I haven’t found a clear explanation of how to link source_id to file metadata.

Questions:

  1. Is there any endpoint, API parameter, or metadata structure that directly links source_id to a specific file_id or file_name?
  2. Is the source_id generated in a predictable way, such as based on the file content or upload order? If so, how can we extract this relationship?
  3. Can the source_id be adjusted Is it possible to adjust the data returned in annotations to include metadata like file_id or file_name directly?

Any insights or suggestions would be incredibly helpful as we’re stuck at this stage. Thank you!

I would just wait. Clearly, they have this ability internally and will hopefully release it as part of the AssistantsAPI when it gets its next release (i.e., we shouldn’t have to work this hard to get this kind of functionality).

So are we saying there is no way to get the link currently? Is there a way to include metadata like file_id or file_name directly into the chat response rather than the source_id?

I’ve tried it before and never got it to work—or at least it got to the point where I just thought they should make this way easier.

The head of API was asking for feature requests on X yesterday, and his response to “easy RAG” across all endpoints seem to suggest that a more robust solution is in the works. Didn’t they buy a vector CMS last year?

All this day to say I’d just wait. The next two months will be excruciating for those of us who love to build but I guess we will see everything in March.

OK after a lot of trial and error, I finally resolved the issue of mapping source_id (e.g., 8:3) in OpenAI Assistant annotations to corresponding file names (e.g., PricingPlansSummary.md).
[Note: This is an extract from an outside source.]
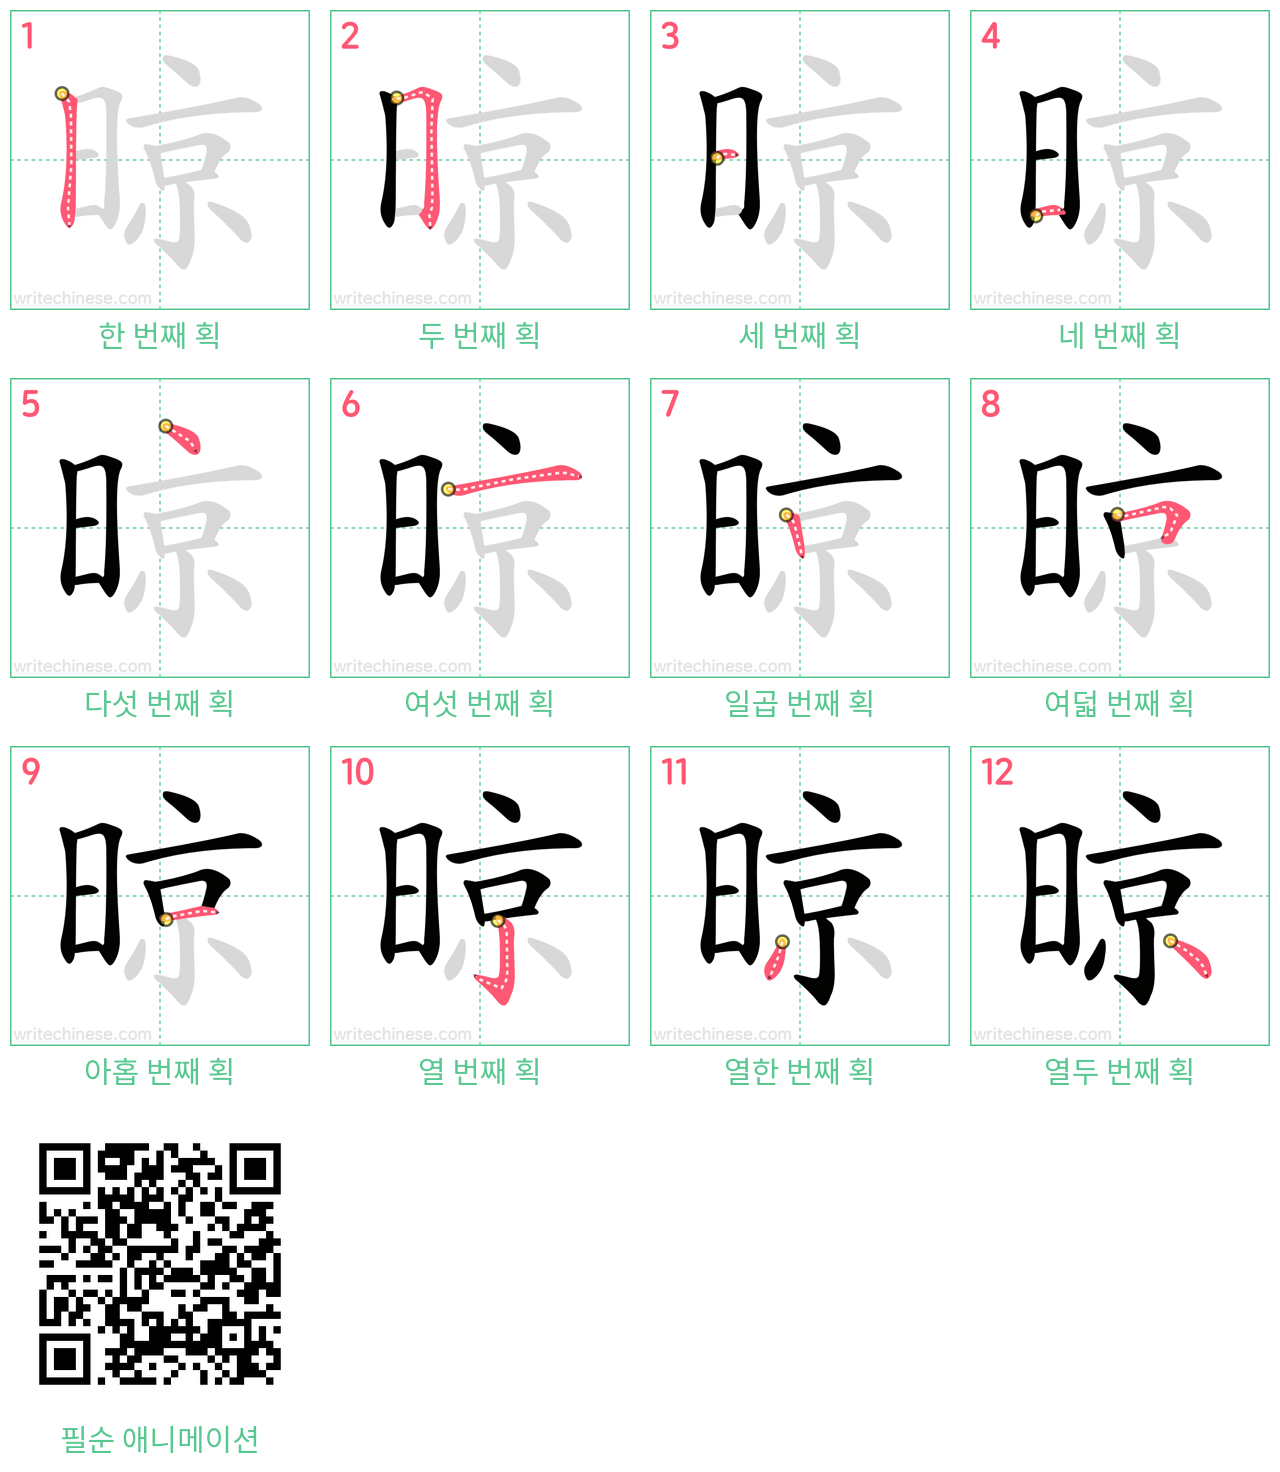 晾 step-by-step stroke order diagrams

I hope this guide helps anyone facing similar challenges!


Solution Summary

To achieve this, I combined a custom function in the OpenAI Assistant configuration and changes in my backend script.
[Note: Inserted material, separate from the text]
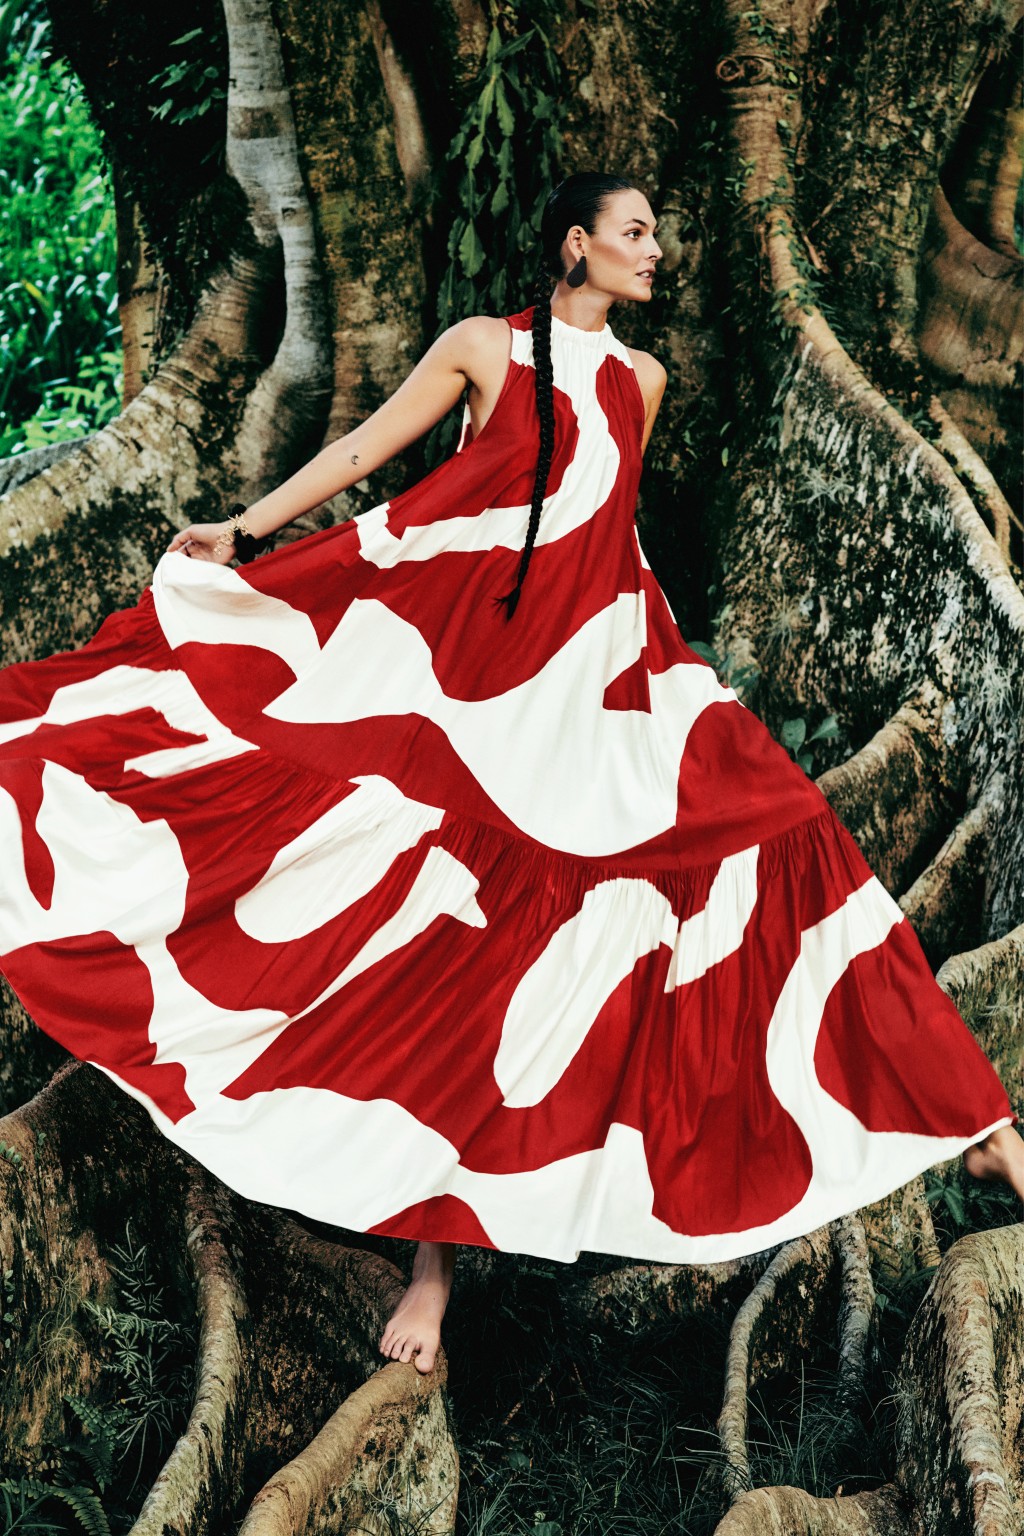 H&M夏季女装系列新 品主要采用抢眼对比色及印花，展现巴西现代主义运动的精髓/售价待定。

Step 1: Add a Custom Function in OpenAI Assistant

I added the following function to my assistant configuration under “Tools” to resolve source_id to file names using metadata:

{
  "name": "resolve_source_id",
  "description": "Resolve a source_id to its corresponding file name using metadata and include file name as annotations",
  "strict": true,
  "parameters": {
    "type": "object",
    "required": ["source_id", "metadata"],
    "properties": {
      "source_id": {
        "type": "string",
        "description": "Unique identifier for the source file"
      },
      "metadata": {
        "type": "array",
        "description": "Array of metadata entries that include file name information",
        "items": {
          "type": "object",
          "properties": {
            "id": {
              "type": "string",
              "description": "The unique identifier for the metadata entry"
            },
            "file_name": {
              "type": "string",
              "description": "The file name corresponding to the source_id"
            }
          },
          "required": ["id", "file_name"],
          "additionalProperties": false
        }
      }
    },
    "additionalProperties": false
  }
}

Step 2: Adjust Your Backend Script

On the backend, I modified my script to:

  1. Capture source_id values from the streamed AI responses.
  2. Use the resolve_source_id function to map each source_id to its corresponding file_name.
  3. Replace source_id in annotations with the file_name for better readability in chat logs.

Here’s an overview of the key functions I implemented:

  • capture_source_id_from_streamed_events: Extracts source_id from streamed AI responses.
  • resolve_source_to_file: Maps source_id to file names using metadata from OpenAI’s /v1/files API.
  • log_chat: Logs enriched annotations (with file_name and source_id) for debugging and transparency.

Outcome

After implementing the above changes:

  1. I now see annotations like 【news_and_articles.md†14:3】 in my AI responses and logs, where the file name (news_and_articles.md) is included.
  2. This makes it easier to trace sources and validate the AI’s responses.

I hope this helps anyone trying to solve the same problem. Feel free to ask if you need more details, and good luck with your implementation!